# REW ? regarding Mic Calibration File



## wademarsten (Feb 27, 2010)

Hi,

I looked at the sample Mic calibration files on a different thread and my calibration file looks idential to all of them and they look exactly the same as the calibration file that I got from Dayton for my mic with one exception. At the very top of mine it says *1000Hz -39.9. Does anybody know what that means and how the affects whether I should just read in the file or if I need to change something?
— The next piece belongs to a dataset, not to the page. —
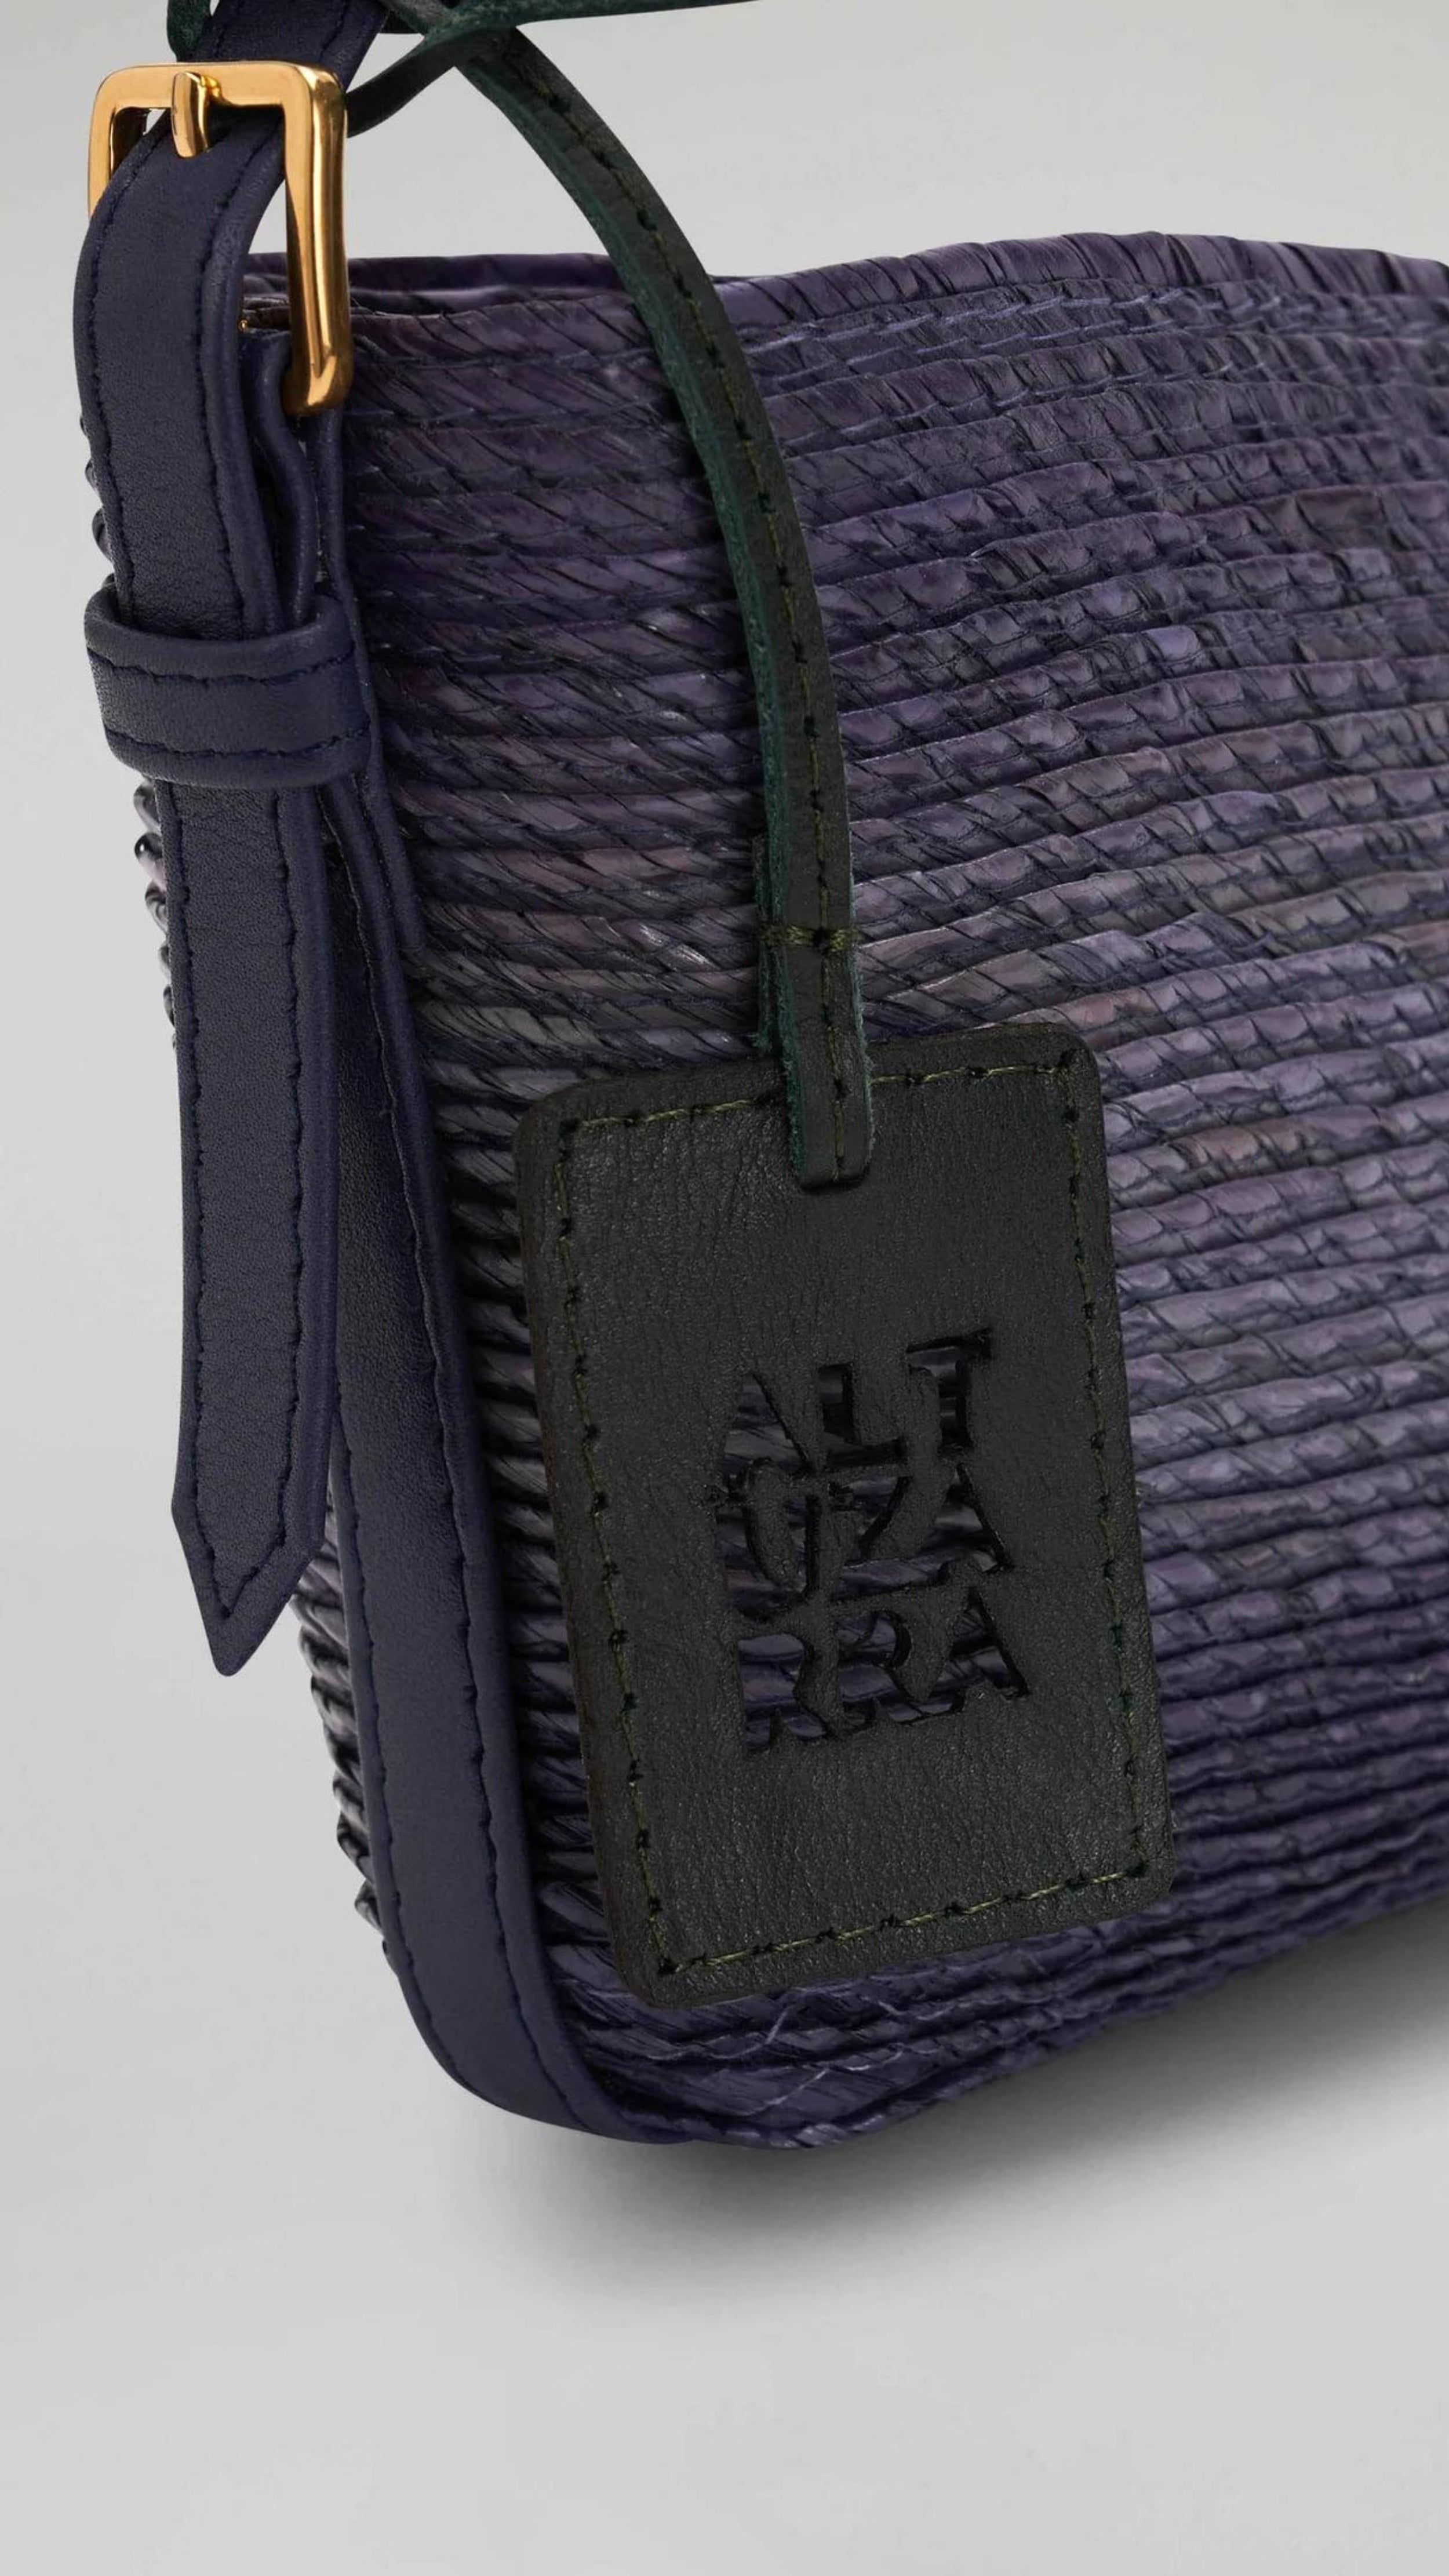 Altruzarra WATERMILL SHOULDER BAG in Murex. Raffia summer purse in deep blue tones and navy blue leather detailing and gold hardware. Adjustable strap for shoulder or long length. Close up view of the Altruzarra blue leather tag.. Available at Experience 27 Madrid Spain.

Any responses will be greatly appreciated.

Sincerely,
Wade Marsten


----------



## Wayne A. Pflughaupt (Apr 13, 2006)

Can you attach the file so we can have a look at it?

Regards,
Wayne


----------



## marsx (Feb 16, 2010)

How do I attach a file, I'm new to this forum?

marsx


----------



## glaufman (Nov 25, 2007)

http://www.hometheatershack.com/forums/faq.php?faq=vb3_reading_posting#faq_vb3_attachments


----------



## JohnM (Apr 11, 2006)

I think I answered this question on the REW forum here.


----------



## wademarsten (Feb 27, 2010)

Wayne,

Here is my calibration file. What does the first line "*1000Hz	-39.9," mean? I look forward to your response.

Sincerely,
wademarsten


----------



## Wayne A. Pflughaupt (Apr 13, 2006)

Hi Wade,

I don’t know what it means. I suggest doing a “save as” to duplicate the file, keep the first one “as is” for future reference. Then eliminate that line with the second file, and use that one for REW.

Regards,
Wayne


----------